We advise programs use a similar strategy with the following criteria:

  • If a resident scheduled for back-up call is notified prior to the start of the call (for example, 5PM on weekdays, 9AM on weekends) the day of the call that they are not required, the call will not be counted in the calculation of their duty hour maximums nor will it be eligible for a call stipend.
  • If a resident completes back-up call or is activated for home call or in-house call, then it will count in accordance with the provisions of the PARO-CAHO Collective Agreement.

Regardless, as per the PARO-CAHO Collective Agreement, call totals (combined scheduled call and completed back-up call) should not exceed the duty hour maximums.

For reference, please see the following relevant articles of the PARO-CAHO Collective Agreement:

We encourage anyone scheduling call to recognize that some residents, such as those with young children who would need to arrange for childcare on short notice, may face additional challenges in being placed on back-up call. PARO encourages programs or services to work to alleviate undue stress for residents who are going above and beyond in these challenging times by employing strategies such as minimizing the need for residents to be on back up call or by offering support or financial reimbursement for those requiring childcare arrangements.

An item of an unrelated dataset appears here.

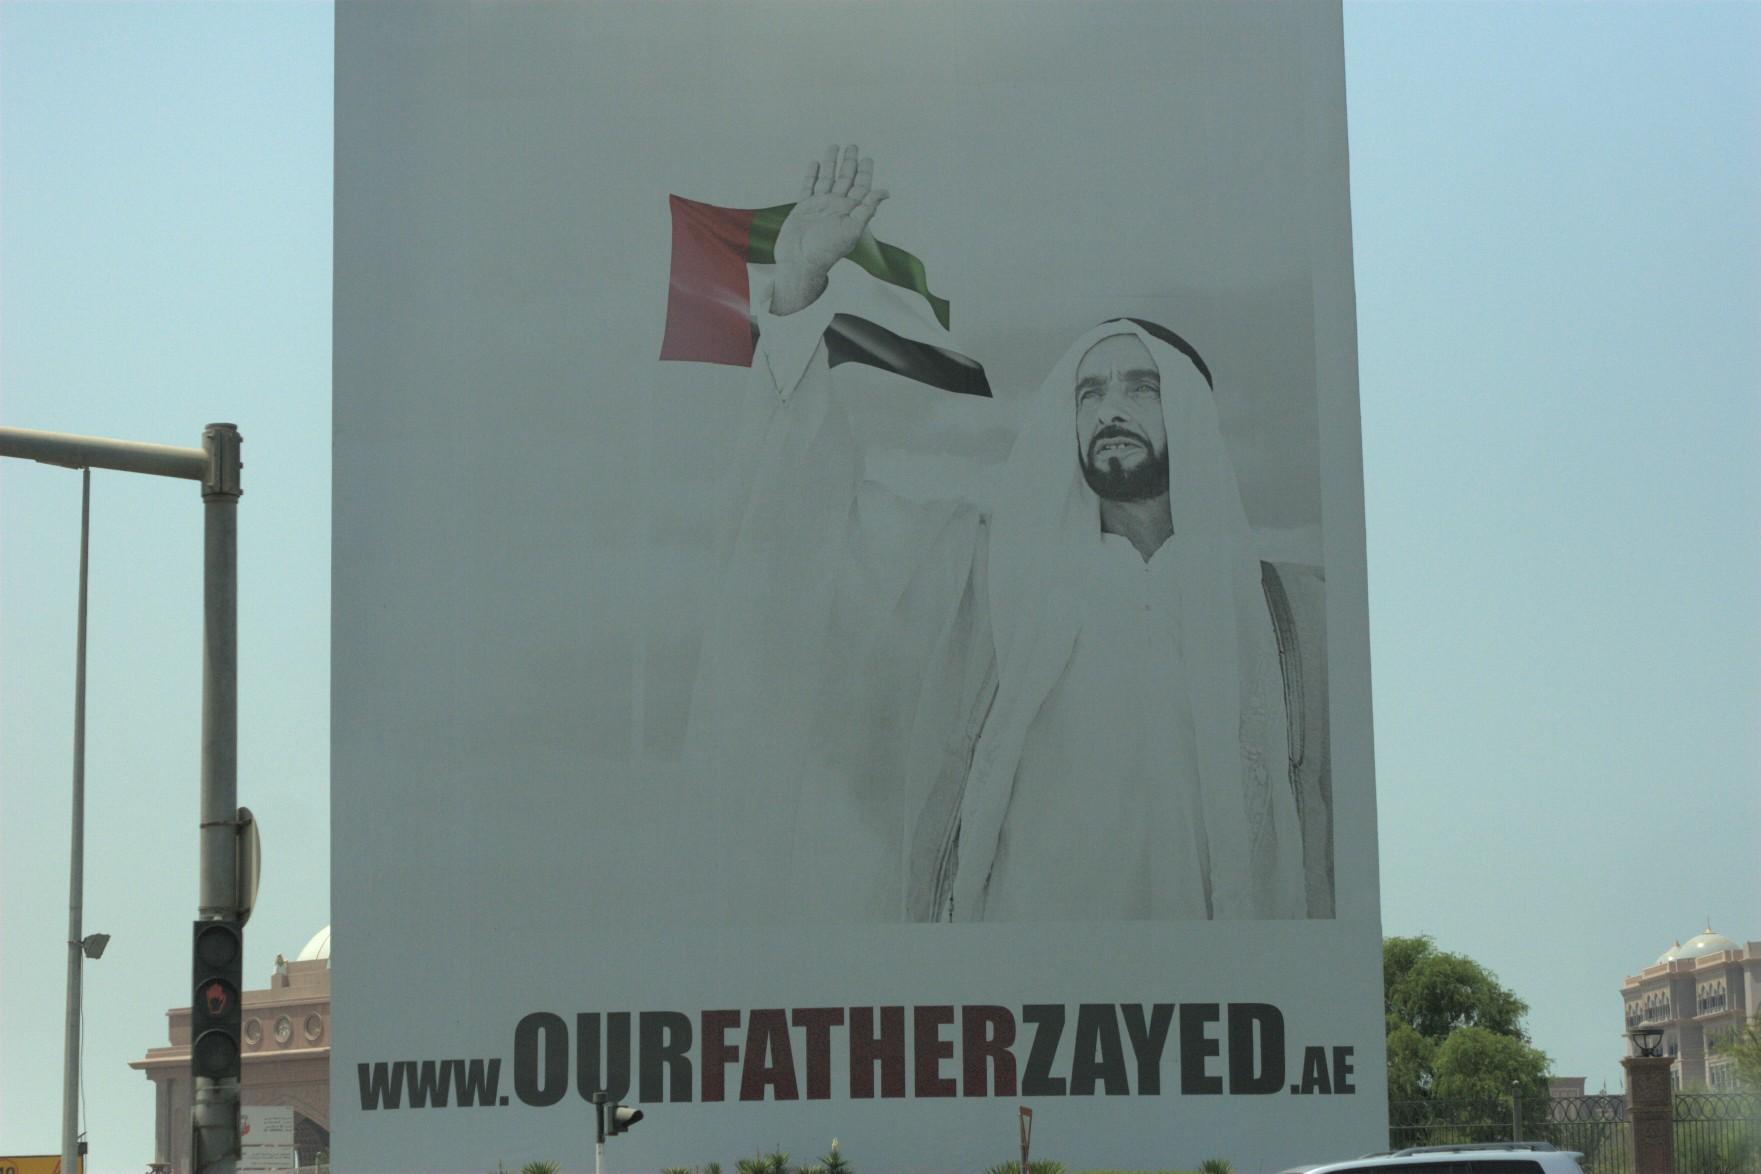 www.ourfatherzayed.ae

Back-up systems should be designed to be equitable. Calls worked should be tracked and the schedule revised if some residents are activated more frequently than others. If programs are able to utilize a sign-up process where residents can identify preferences in how they are scheduled for back-up call, this may mitigate conflicts like childcare, etc.

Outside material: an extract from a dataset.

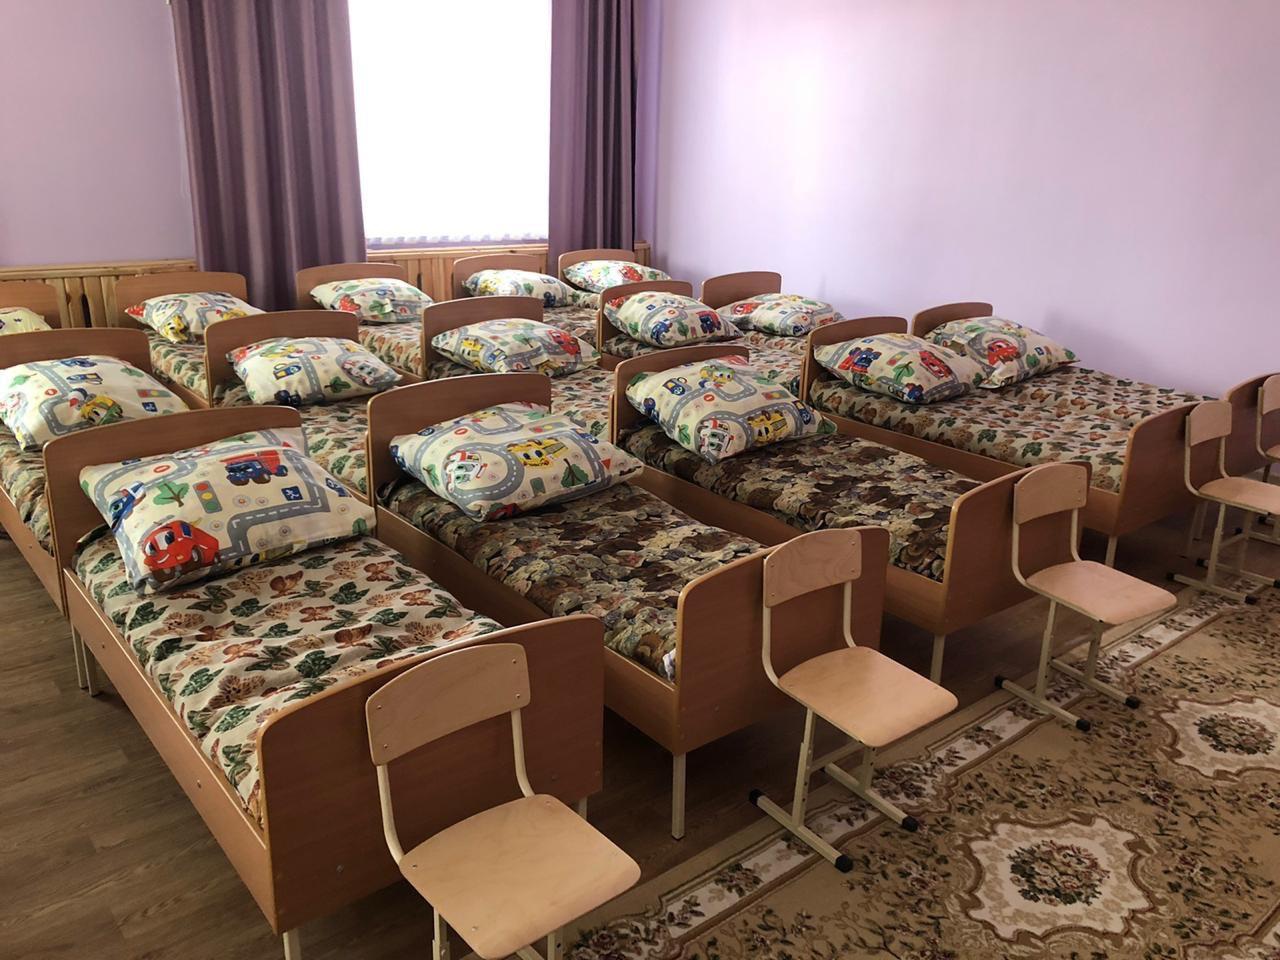 Бурков с Фадиной открыли садик, где будут кормить безлактозной пищей #Новости #Общество #Омск

If your program would like assistance in designing a back-up system, PARO will be pleased to help. Email:  covid19@paroteam.ca

Home Call and Back Up Call Schedule

This model is designed for low-intensity call services where conversion to in hospital is rare.

Description

2 residents would be placed on the call schedule:

  • Resident A is on home call and is entitled to home call stipend.
  • Resident B is on back-up call (following backup call protocols outlined above, if they are notified by 5pm on weekdays or 9am on weekends that they are not needed, it is not considered a call, otherwise they will claim the home call stipend)
  • Residents can be scheduled up to the home call maximums in the PARO-CAHO Collective Agreement:  an average of 1 in 3 home calls in a 28 day block.
  • The maximum conversion rate is 5 calls in 28. Services that convert to in hospital more frequently should use a different model.

Note: Conversion requirements for home call relief of duties post-call :

  1. a resident who commences work in the hospital after midnight but before 6 a.m.; and,
  2. a resident who works for at least four (4) consecutive hours at least one hour of which extends beyond midnight.

Examples

Scenario 1: Resident A is now on self-isolation (but not showing symptoms)

  • Resident A remains the resident on home call (first call) and they are to manage any issues that can be dealt with over the phone. They would be entitled to the home call stipend.
  • Resident B would then be activated only if there is an issue that requires someone to go into the hospital. They would be entitled to home call stipend. Regular conversion/post-call day rules would apply.

Scenario 2: Resident A develops symptoms while on self-isolation

  • Resident A is immediately removed from the call schedule. Ill residents should not be expected to continue working home call.
  • Resident B would be activated as first-call.

Potential Benefits

  • Provided that conversion is rare, the resident who is most likely to be up frequently during the night doesn’t need to worry about reporting to work or taking a post-call day, as they have a day to rest.
  • The resident who is scheduled to work the next day is most likely going to be pretty well rested.
  • Engages residents who are self-isolating for medical reasons (ex. Pregnancy or immunosuppression)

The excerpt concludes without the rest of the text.